Section: New Results

Algorithms and high-performance solvers

Dense linear algebra solvers for multicore processors accelerated with multiple GPUs

In collaboration with the Inria RUNTIME team and the University of Tennessee, we have designed dense linear algebra solvers that can fully exploit a node composed of a multicore processor accelerated with multiple GPUs. This work has been integrated in the latest release of the MAGMA package (http://icl.cs.utk.edu/magma/ ).

Hybrid direct/iterative solvers based on algebraic domain decomposition techniques

A first release of the MaPHyS package should be made available early in 2012 thanks to the developments conducted in the last year of the ADT. An approximation of the local Schur complement has been studied that is based on approximated inverse technique. This work is a natural extension of part of the PhD research of Mikko Byckling. Furthermore, during his master internship, Stojce Nakov has investigated the design of a Krylov subspace method, namely the conjugate gradient, on a run-time system in order to best exploit the computing capabilites of many-GPU nodes and manycore systems. In the framework of his starting PhD funded by TOTAL, Stojce Nakov will continue his work to design a new implementation of a hybrid linear solver (see Section  3.3 ) for heterogeneous manycore platforms.

Resilience in numerical simulations

In his master internship work, Mawussi Zounon investigated recovery strategies for core faults in the framework of parallel preconditioned Krylov solvers. The underlying idea is to recover fault entries of the iterate via interpolation from existing values available on neighbor cores. He will continue this work in the framework of his PhD funded by the ANR-RESCUE. Notice that theses activities are also part of our contribution to the G8-ECS (Enabling Climate Simulation at extreme scale).

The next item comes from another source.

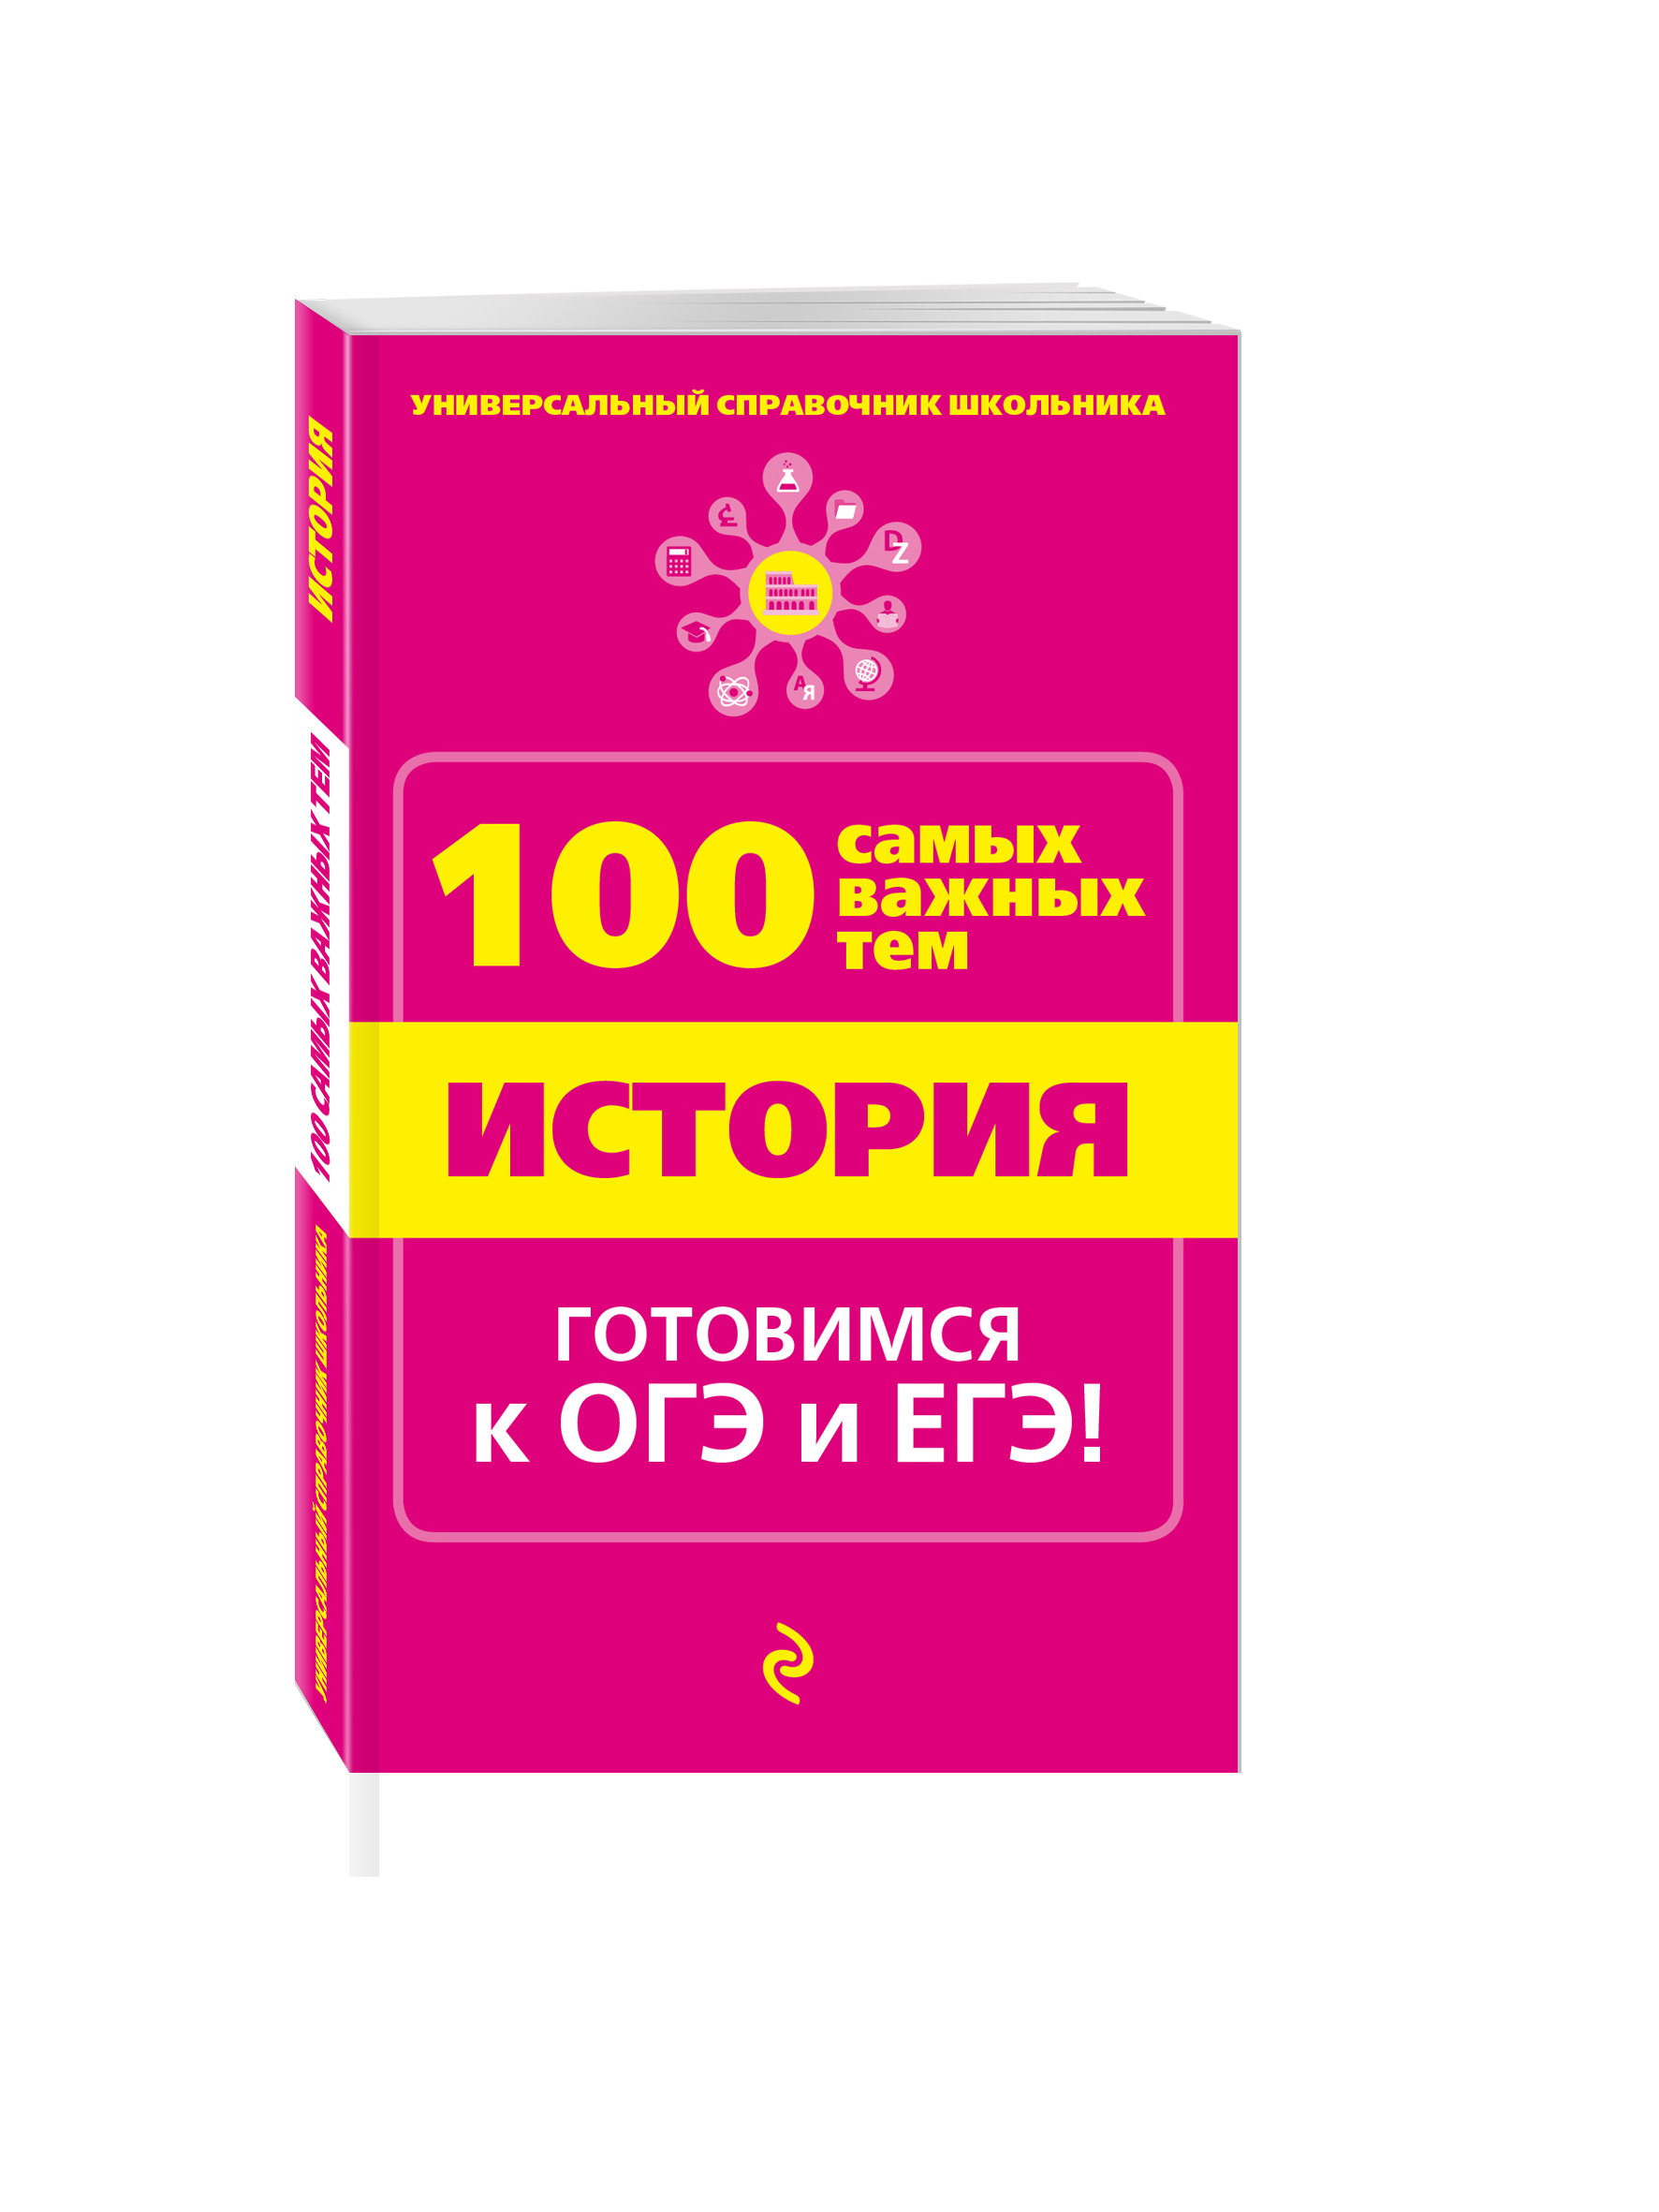 Дедурин Г.Г. История ISBN: 978-5-699-73287-6

Full geometric multigrid method for 3D Maxwell equations

In the context of a collaboration with the CEA/CESTA center, Mathieu Chanaud continued his PhD work on a tight combination between multigrid methods and direct methods for the efficient solution of challenging 3D irregular finite element problems arising from the discretization of Maxwell equations. A parallel solver dedicated to the ODYSSEE challenge (electromagnetism) of CEA/CESTA has been implemented and integrated. The novel parallel solver was able to solve a 1.3 billion system given a 20 million unknown problem at the coarsest level. The input mesh defines the coarsest level. This mesh is further refined to defined the grid hierarchy, where matrix free smoothers are considered to reduce the memory consumption.

Scalable numerical schemes for scientific applications

A work is currently carried on with TOTAL (Rached Abdelkhalek PhD). The extraordinary challenge that the oil and gas industry must face for hydrocarbon exploration requires the development of leading edge technologies to recover an accurate representation of the subsurface. Seismic modeling and Reverse Time Migration (RTM) based on the full wave equation discretization, are tools of major importance since they give an accurate representation of complex wave propagation areas. Unfortunately, they are highly compute intensive. The recent development in GPU technologies with unified architecture and general-purpose languages coupled with the high and rapidly increasing performance throughput of these components made General Purpose Processing on Graphics Processing Units an attractive solution to speed up diverse applications. We have designed a fast parallel simulator that solves the acoustic wave equation on a GPU cluster. Solving the acoustic wave equation in an oil exploration industrial context aims at speeding up seismic modeling and Reverse Time Migration. We consider a finite difference approach on a regular mesh, in both 2D and 3D cases. The acoustic wave equation is solved in a constant density or a variable density domain. All the computations are done in single precision, since double precision is not required in our context. We use nvidia CUDA to take advantage of the GPU computational power. We study different implementations and their impact on the application performance. We obtain a speed up of 16 for Reverse Time Migration and up to 43 for the modeling application over a sequential code running on general purpose CPU. The defense of this thesis is planned early 2012.

For the solution of the elastodynamic equation on meshes with local refinments, we are currently collaborating with Total to design a parallel implementation of a local time refinement technique on top of a discontinuous Galerkin space discretization. This latter technique enables to manage non-conforming meshes suited to deal with multiblock approaches that capture the locally refined regions. this work is developed in the framework of Yohann Dudouit PhD thesis. A software prototype is currently developed to address these simulations.

The calculation of acoustic modes in combustion chambers is a challenging calculation for large 3D geometries. It requires the calculation of a few of the smallest eigenpairs of large unsymmetric matrices in a paralell environment. A new block Arnoldi approach is currently developed to best benefit from the continuation scheme used in this application context. This is part of the PhD research activity of Pablo Salas.